29. The next day, open up the doors and begin masking out the door jams. Mask off the whole car as well as anything that may get overspray.

30. Scuff up any over-spray that might have got on the jams threw the cracking in the door. 

31..clean the jams with a damp cloth, followed by wiping them with a tack cloth then clean with wax and grease cleaner

32.. Mix up your base, and spray at least 4 coats of your base, waiting 10 to 15 minutes for it to flash between coats.

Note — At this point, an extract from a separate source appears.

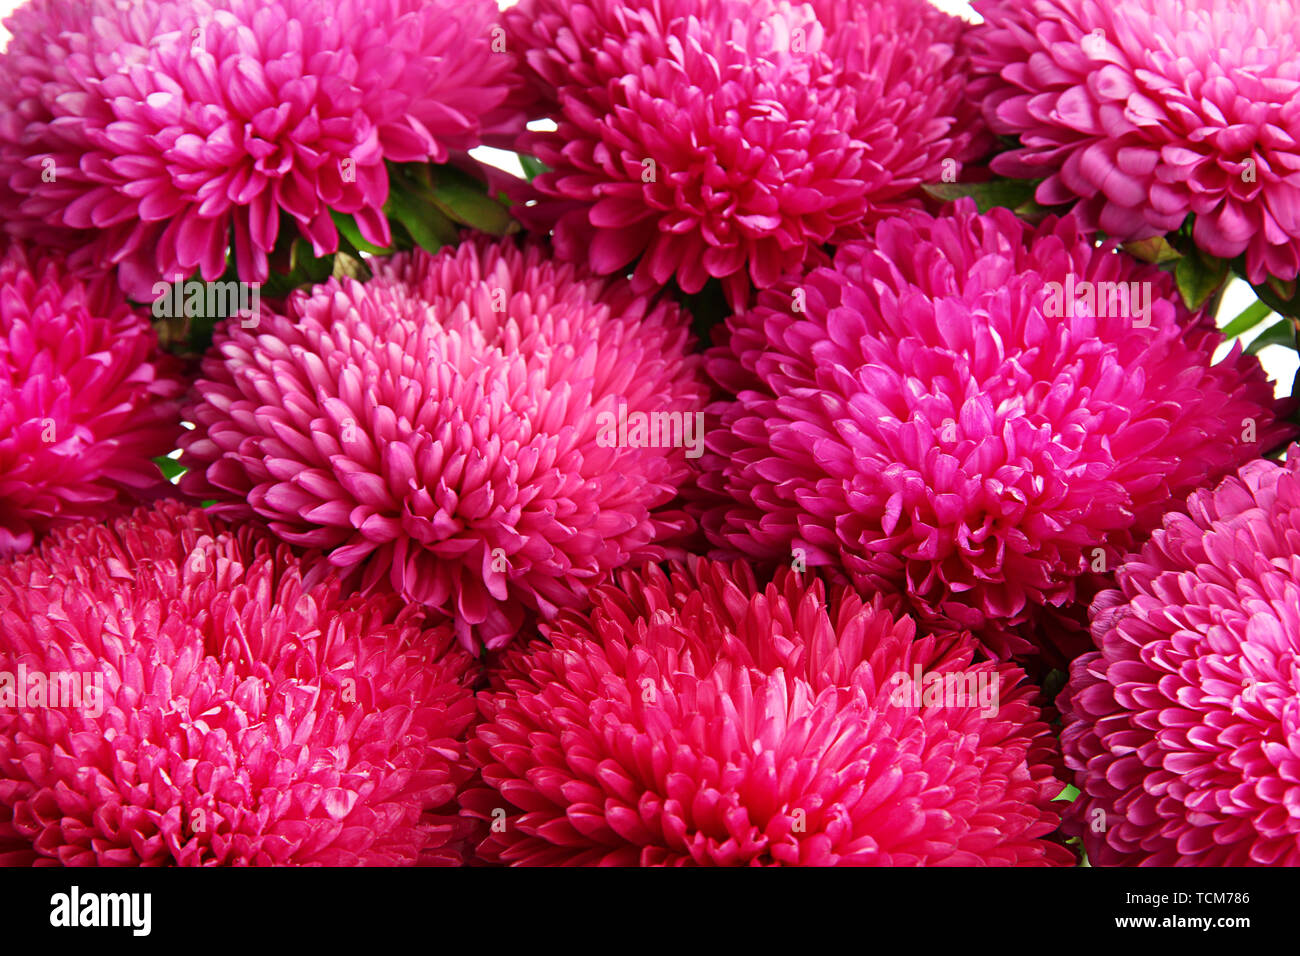 pink aster flowers, close up Stock Photo
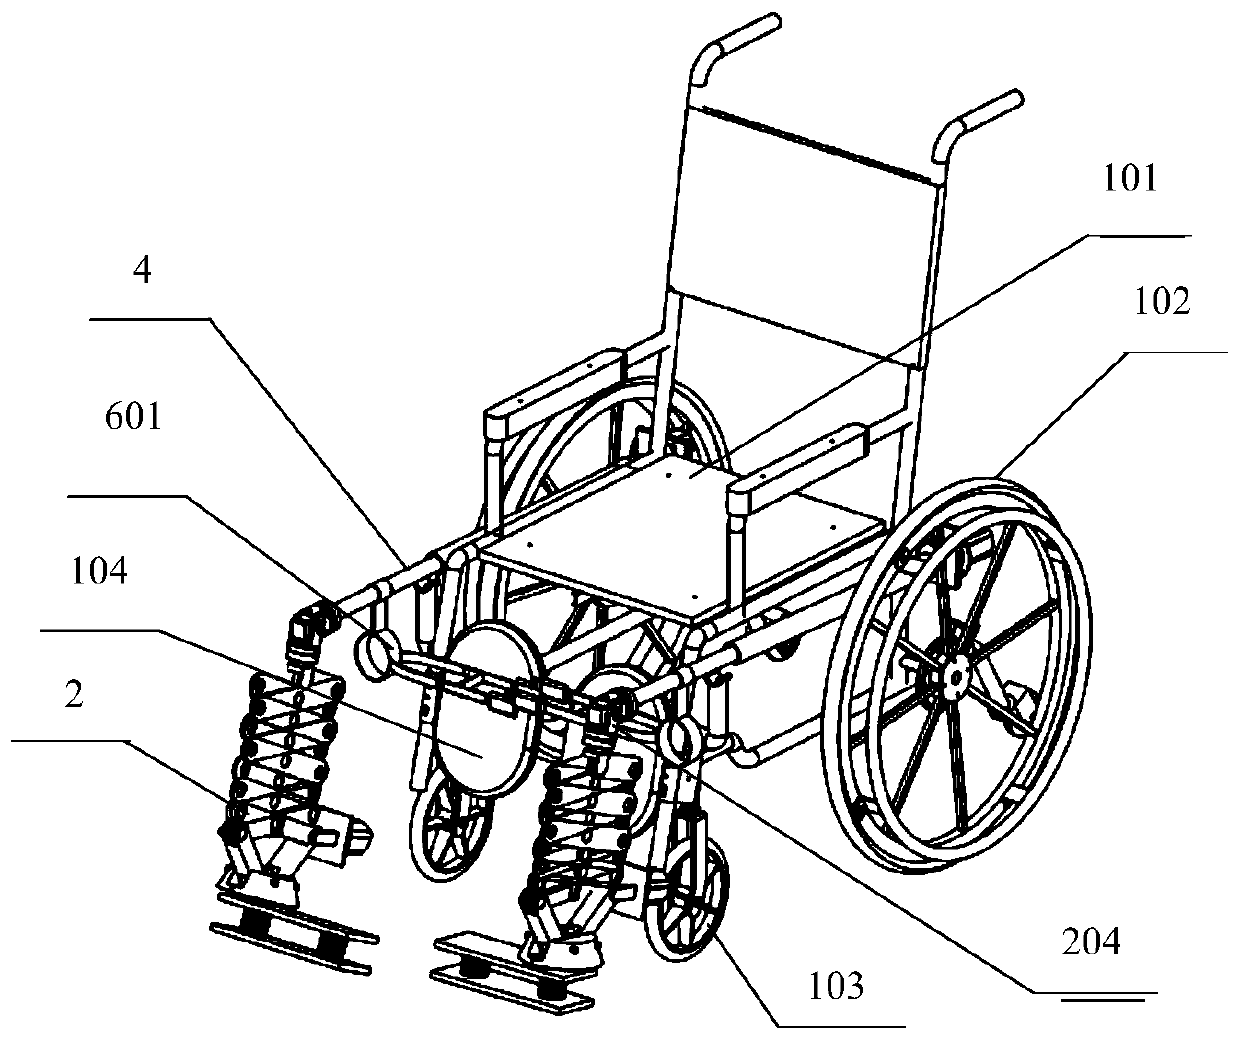 Automatic lifting and assisting-type aged-helping wheelchair

33..Clean out your gun and mix up your clear

34..spray one tack coat of clear followed by only 1 wet 

35.. Clean out your gun

36..wait at least an hour before removing the masking, then let it sit over night

37.. the next day roll out your ride and let it “bake” in the sun for at least a day

38..Now your ready to cut and buff, start by block sanding all the orange peel, and any debris or bugs that may have gotten in your clear off with 1000 grit wet sand paper
39. Now lightly block sand again with 1500, followed by 2000 if desired

40. Wash the car, and towel dry

41 Start machine buffing with a medium cutting compound and a heavy whole pad

42 Now switch to a fin cutting compound and a fine whole pad or foam pad

43 buff again with swirl mark remover or machine polish with a fine whole pad or foam pad

43 wash the car, and towel dry

44 hand polish DO NOT WAX, APPLY A PURE POLISH ONLY

45 Put your car back together, and you are ready for a cruse :thumbsup:


Now i'm sure i left some details out, but it's to give you a good idea of what it takes, and to give others a chance to share there ideas as well


----------



## STREET SWEEPAZ (Feb 7, 2003)

-- That is damn good info there Familia........ Now, if there was step by step pics to go with that .. I think it would have to be pinned down ...........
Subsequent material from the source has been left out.